Вот и теперь, сидя на древней садовой скамейке этаким символом царственного одиночества, она смотрела на меня не то чтобы с укором, но и не то чтобы без… Я услышал знакомые слова:
— Мне надо серьёзно поговорить с тобой…
Присев напротив неё на пенёк от свежеспиленной вишни, я в который раз постарался изобразить искреннее любопытство и невинность во взоре, — заранее зная содержание предстоящего разговора.
…Тогда, за староновогодним столом, она вдруг заговорила со мной об одной книге, которую я, по её нерушимому убеждению, брал ненадолго у неё почитать, да так, видите ли, и не вернул. В тот ничего подобного не предвещавший вечер я было поспешил уверить её, что этой истории не припоминаю и что едва ли подобное вообще могло произойти, поскольку брать у неё эту книгу мне было совершенно незачем. Но уверенность её была неколебима, и я, никогда не доверявший своей памяти, которая столько раз преподносила мне чудовищные сюрпризы, надолго распрощался с душевным покоем, поскольку тревожная совесть моя, в отличие от памяти, сбоев никогда не давала.
Сколько-нибудь веских оснований подозревать себя в недобросовестности или, на худой конец, забывчивости у меня, впрочем, не имелось. Во-первых, не могло быть никакой объективной необходимости брать напрокат знаменитую ерофеевскую поэму — дома испокон века валялся экземпляр из первого отечественного тиража, выпущенного издательством «Прометей», — безбожно затрёпанный от бесконечных перечитываний. Во-вторых, названный ею год издания вызывал недоумение: в Советском союзе книгу впервые издали при Горбачёве, и в 1984 году она выйти в СССР, конечно, никак не могла — разве что в самиздате. Между тем моя собеседница с вежливой твёрдостью повторяла, что книга была издана в Москве типографским способом, с яркой глянцевой обложкой, и именно в этот, последний, предперестроечный год.
Позднее у меня мелькнуло подозрение, что несуразный 1984-й мог возникнуть в результате путаницы — возможно, она имела в виду не трагикомическую алкогольную одиссею в Подмосковье, а скучноватую английскую антиутопию, но ведь и эту книгу брать у кого-либо взаймы никакой надобности не было. Разве что из вежливости, а точнее, из малодушия, когда вам с любезной настойчивостью всучивают что-то вам не нужное, и легче взять, чем объяснять, почему вы это ненужное брать не желаете. Как бы то ни было, перерывая в очередной раз домашнюю библиотеку, я держал в голове все возможные варианты, но, разумеется, так ничего и не нашёл.
Теперь, сидя передо мной в дачном саду, она снова повторяла знакомые до зубовного скрежета слова:
— Пойми меня правильно, ты мне как родной, мне ничего для тебя не жалко, но эта книга…

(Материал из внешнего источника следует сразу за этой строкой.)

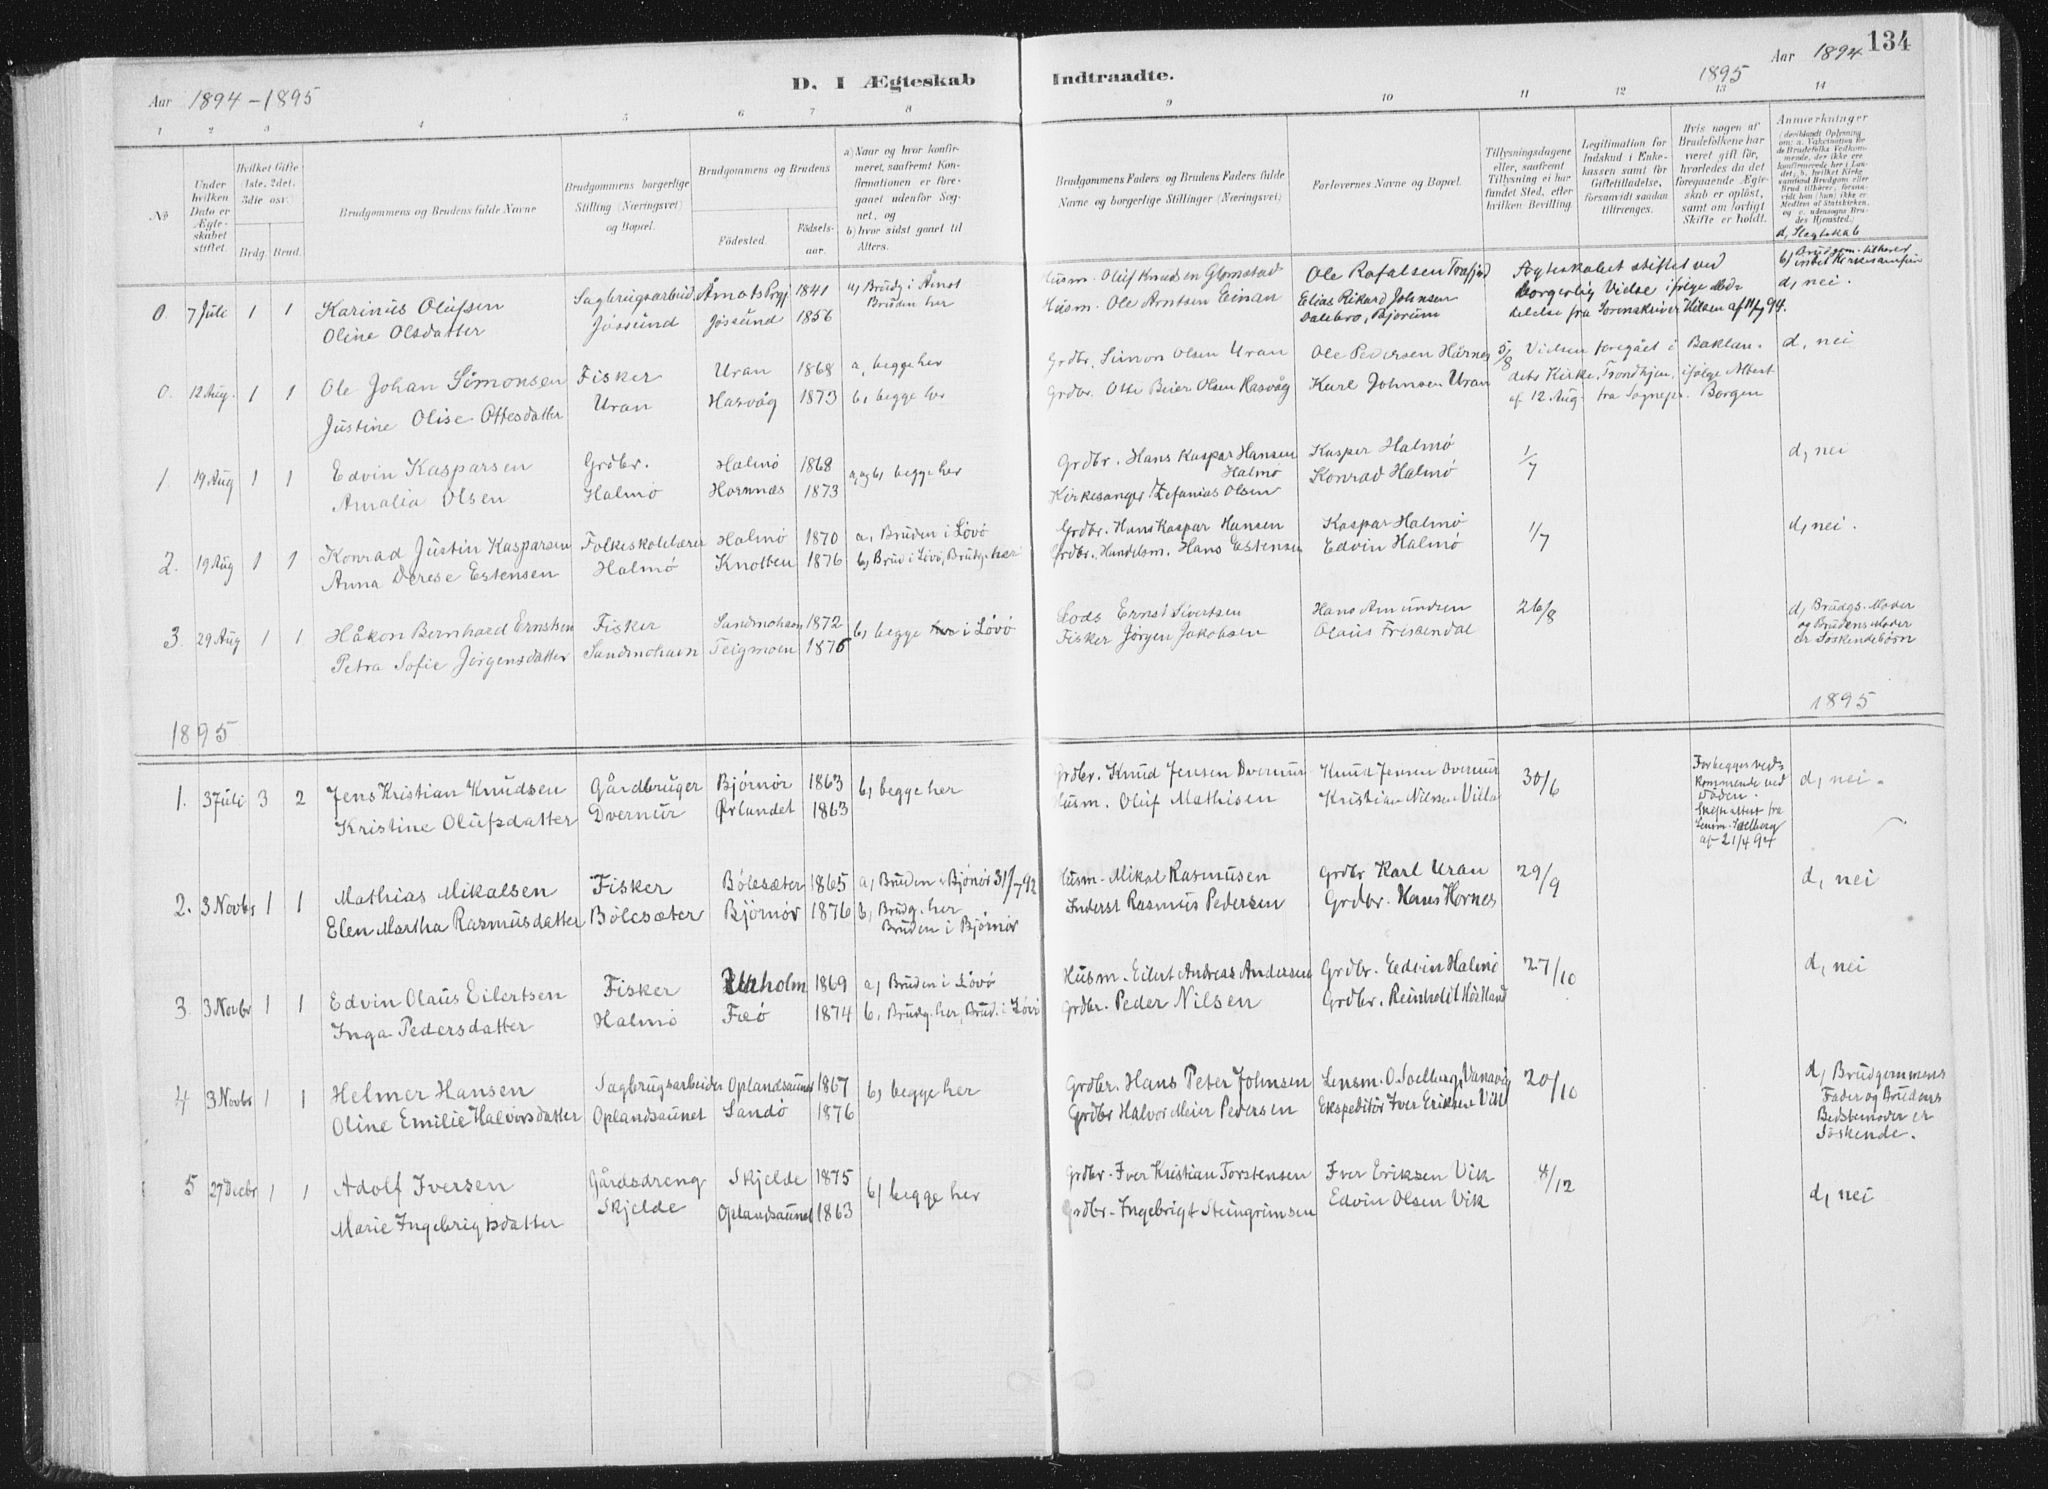 SAT, Ministerialprotokoller, klokkerbøker og fødselsregistre - Nord-Trøndelag, 771/L0597: Ministerialbok nr. 771A04, 1885-1910, s. 134

Далее следовало многословное объяснение, которое я слышал уже многократно. Эту книгу ей подарил сам (называлась фамилия знаменитости) с шутливо-нежной дарственной надписью: что-то вроде «Дорогой Ариадне Всеволодовне на добрую долгую память от вечного раба её прекрасных глаз…» и так далее, и тому подобное — целую ручки и прочие штучки.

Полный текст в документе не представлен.